Wolff’s trigger – a pronounced opening of the hips before taking the club back – is also nothing new. Bobby Jones, Ben Hogan, Sam Snead, Byron Nelson, almost all the greats pre-Nicklaus had a similar trigger move, some small (Arnold Palmer) and some exaggerated (Bob Toski).
“I think Matt and Bryson (DeChambeau) are the reasons a lot of golf courses are closed on Mondays,” Paul Azinger said. “Pros don’t want to teach their members the swings they saw win on Sunday.”
But Azinger, who has never been a model of conformity, is the first to admit that Wolff gets the fundamentals correct. As he points out, “There are only a few true fundamentals that deliver the clubface square to the ball with the speed in the right spot. Everything else is a fingerprint, unique to the individual.”
Wolff’s uniqueness, even if it’s not all that new, is a refreshing change from the modeled and molded swings that dominate the tours these days.

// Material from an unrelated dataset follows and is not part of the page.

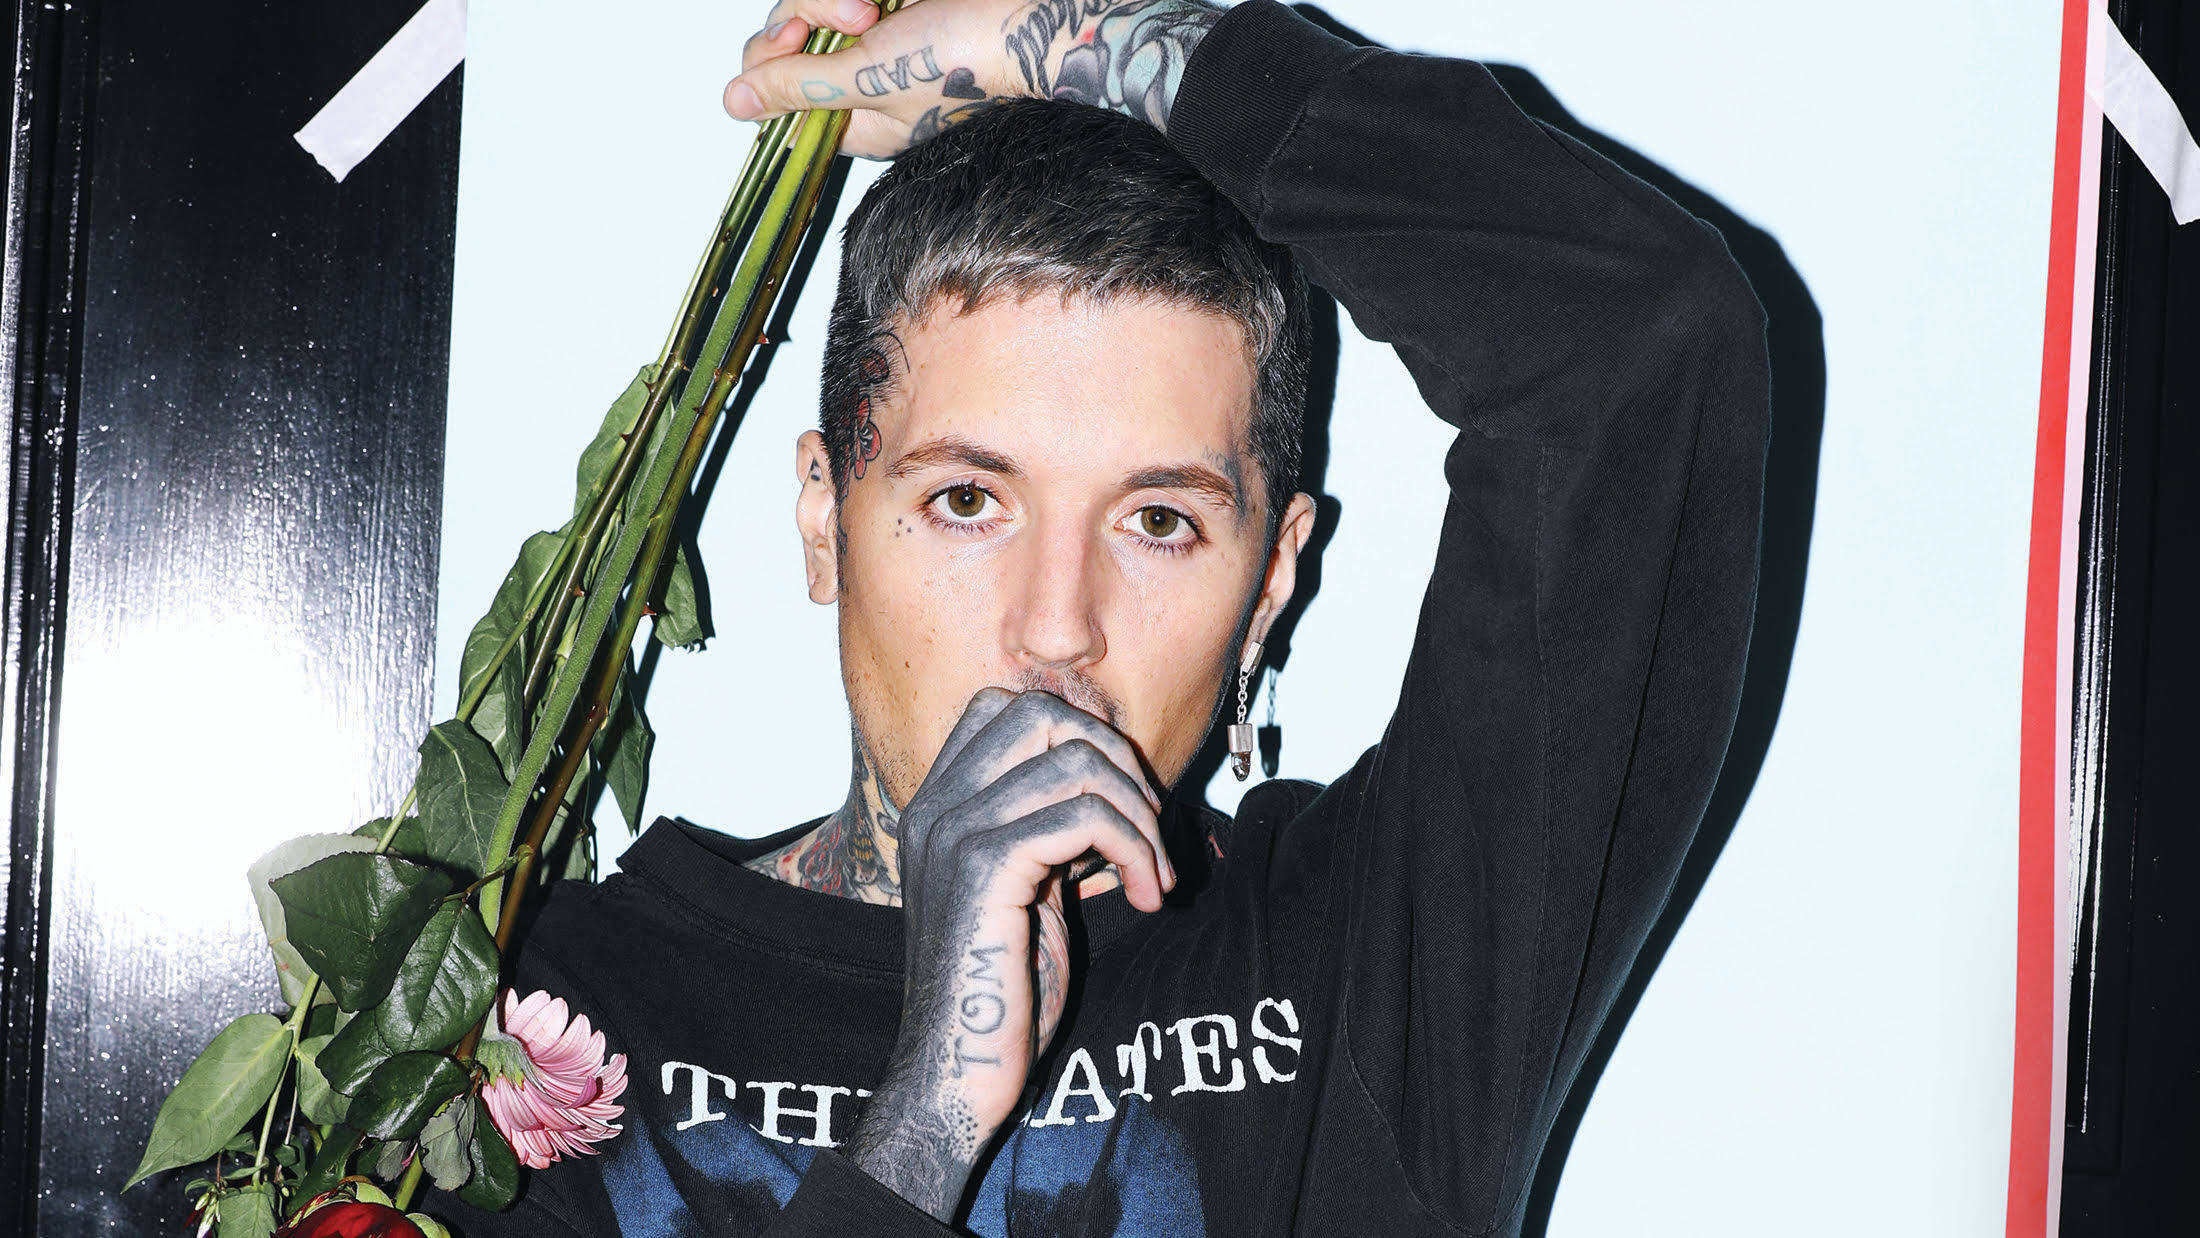 oliver sykes quotes about love

“The other thing I like with these younger guys is that they’re with the same teacher they’ve had since before they were on tour,” Harmon said. “Matt has had George Gankas (as his swing coach) for like six years and he’s just 20. Jordan Spieth has got Cameron (McCormick). So, the trend for these young guys seems to be not to jump from one teacher to another, which is good. Nobody knows Matt’s swing but Matt and his coach. And nobody needs to.
“My dad used to always say that the only real judges of a good golf swing are the back of the ball and the scorecard,” Harmon added. “I think Matt is 2-and-0 on that front.”